许知行走出法院时,手机又震了一下。
林小满的消息只有四个字:“苏晴同意了。”
他愣了一下,随即拨通电话。还没开口,那边先说话:“我在师大后门那家咖啡馆。你来不来?”
“来。”
十五分钟后,许知行推开咖啡馆的门。苏晴坐在角落,双手捧着一杯已经凉透的奶茶,眼神有些躲闪。
“许律师。”她抬起头,声音很轻,“我……我想好了。”
许知行在她对面坐下,没有急着说话。服务生走过来,他摆摆手示意不需要。
“想好了?”他问。
苏晴点点头,又摇摇头,眼泪突然就掉了下来。
“张明远教授以毕业为由威胁我,我不得不在他的办公室满足他的要求。那天之后,我患上了严重的抑郁症,差点自杀。”她哽咽着说,“我以为说出来会毁掉一切,但现在我明白了,不说才会毁掉一切。”
许知行递过纸巾,没有安慰,只是等她平复。
“你愿意出庭作证?”
“愿意。”苏晴擦着眼泪,“但我有个条件。”
“你说。”
“不要让学校知道。我还要毕业,我还要找工作,我……”
“放心。”许知行打断她,“我会保护你。”
她抬起头,眼神里有一丝希望,又有一丝害怕。
“你怎么保护我?”
“用证据。”许知行说,“用让他无法翻身的证据。”
从咖啡馆出来,许知行直接打车去了周明远的出租屋。敲门没人应,打电话也没接。他站在门口等了十分钟,门才从里面打开。
周明远头发乱得像鸡窝,眼睛血红,显然熬了几个通宵。
“许哥。”他让开门,“你来的正好。”
屋里堆满了方便面盒和矿泉水瓶,唯一的桌子上摆着三台电脑,屏幕上全是代码和数据。
“监控录像恢复了?”许知行问。
“恢复了。”周明远指着中间那台电脑,“你看。”
屏幕上是一段视频,正是张明远办公室的监控录像。画面清晰,时间显示是去年九月。视频里,张明远坐在办公桌后,对面站着一个女生——正是苏晴。
“他在威胁她。”许知行说。
“对。”周明远操作鼠标,“而且不止这段。我恢复了所有被删除的原始数据,加密文件也破解了。张明远的电脑里有一个专门的文件夹……”
他顿了顿,表情变得复杂。
“里面是所有受害者的信息。每个女生都有编号、照片、威胁记录,还有……交易记录。”
许知行握紧拳头。
“这就是我们要的。”
三天后,海城区人民法院。
再次开庭,苏晴作为证人站在证人席上。她穿着简单的白衬衫和黑色长裤,头发扎成马尾,看起来干净利落。但许知行注意到,她的手在微微发抖。
“证人。”审判长开口,“请陈述你与被告的关系。”
苏晴深吸一口气。
“张明远教授是我的导师。去年九月,他以毕业答辩为由把我叫到办公室。”她的声音有些颤抖,但很坚定,“他让我……让我满足他的要求。他说如果我不照做,就让我无法毕业。”
旁听席一阵骚动。
“我当时害怕极了。”苏晴继续说,“他是教授,我是学生,我根本不敢反抗。那天之后,我患上了严重的抑郁症,差点自杀。”
她抬起头,直视张明远。
“我今天站在这里,不是为了毁掉自己,是为了毁掉他。”
张明远的脸色变得铁青。被告律师站起来:“审判长,证人的陈述带有强烈的主观色彩……”
“反对无效。”审判长敲了一下法槌,“证人继续。”
苏晴还有很多要说,但许知行已经不需要了。他站起身,从文件袋里拿出一个笔记本。
“审判长,”他高举笔记本,“这份是被告的私人笔记本,上面详细记录了他多年来控制所有受害者的手段。
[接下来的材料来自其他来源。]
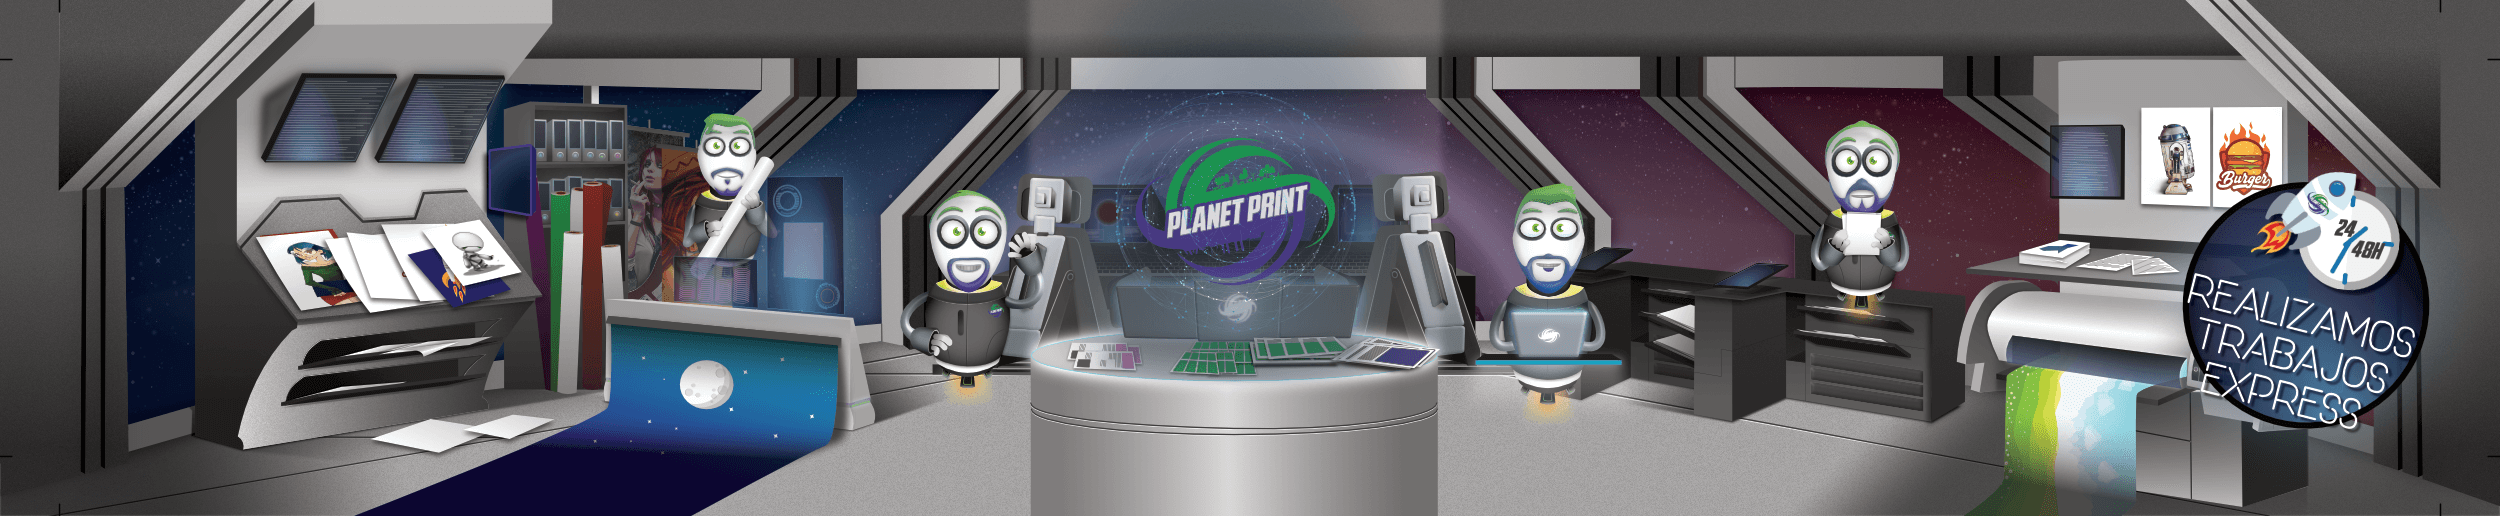 diseño nave planet print imprenta

每一页都有日期、姓名、威胁内容,还有……交易金额。”
全场哗然。
张明远猛地站起来:“你这是非法取证!”
“被告。”审判长冷声说,“坐下。”
张明远站着没动,直到法警走过来,他才慢慢坐下。但他的眼神里已经没有了之前的从容。
许知行翻开笔记本,一页页展示给法庭。
“这里记录了十七名受害者的信息。”他一边翻一边说,“每一条都详细记录了威胁手段、时间、地点,还有封口费的金额。张明远教授不仅在利用职权性侵女学生,还在利用她们掌握某些……秘密。”
他抬起头,看向张明远。
“比如,某些家长送给他的贿赂,某些学生掌握的证据,还有一些……不方便公开的东西。”
张明远终于低下了头。
审判长宣布休庭。走出法庭时,许知行感觉到一道目光。回头,是张明远的妻子。她站在走廊尽头,面无表情地看着他。
那眼神让他心里一紧。
他知道,这还不是结束。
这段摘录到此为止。